Run async-ml-inference using the following command:

Using pipenv  

❯ pipenv shell
❯ pipenv run python {entrypoint}

Using pip  

❯ python {entrypoint}

Using docker  

❯ docker run -it {image_name}

Testing

Run the test suite using the following command:

Using pipenv  

❯ pipenv shell
❯ pipenv run pytest

Using pip  

❯ pytest

Roadmap

  • Task 1: Implement feature one.
  • Task 2: Implement feature two.
  • Task 3: Implement feature three.

Contributing

Contributions are welcome! Here are several ways you can contribute:

Contributing Guidelines
  1. Fork the Repository: Start by forking the project repository to your github account.
  2. Clone Locally: Clone the forked repository to your local machine using a git client.
    git clone https://github.com/FerrariDG/async-ml-inference
  3. Create a New Branch: Always work on a new branch, giving it a descriptive name.
    git checkout -b new-feature-x
  4. Make Your Changes: Develop and test your changes locally.
  5. Commit Your Changes: Commit with a clear message describing your updates.
    git commit -m 'Implemented new feature x.'
  6. Push to github: Push the changes to your forked repository.
    git push origin new-feature-x
  7. Submit a Pull Request: Create a PR against the original project repository.

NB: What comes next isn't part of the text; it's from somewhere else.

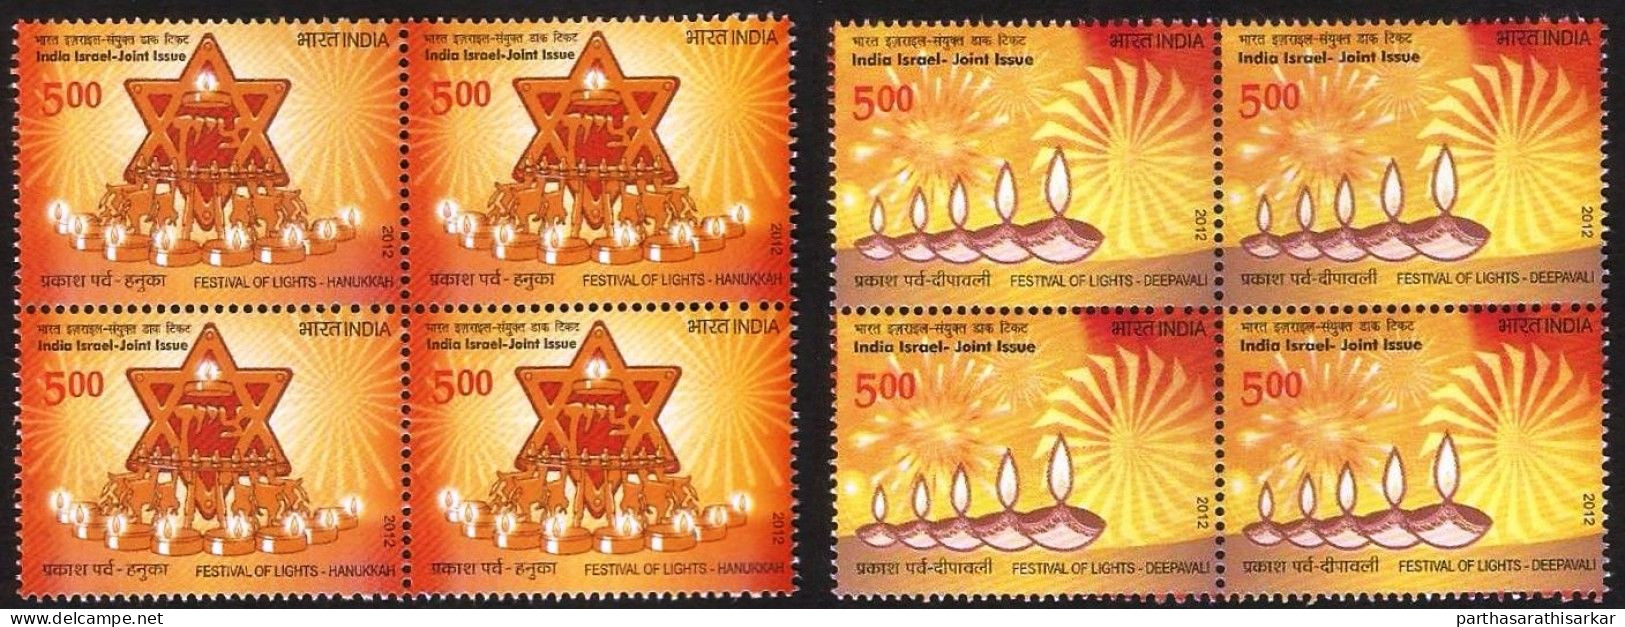 INDIA 2012 FESTIVAL OF LIGHTS JOINT ISSUE WITH ISRAEL COMPLETE SET BLOCK OF 4 MNH RARE - Ungebraucht

Clearly describe the changes and their motivations.
  8. Review: Once your PR is reviewed and approved, it will be merged into the main branch. Congratulations on your contribution!
Contributor Graph


License

This project is protected under the SELECT-A-LICENSE License. For more details, refer to the LICENSE file.


Acknowledgments

  • List any resources, contributors, inspiration, etc. here.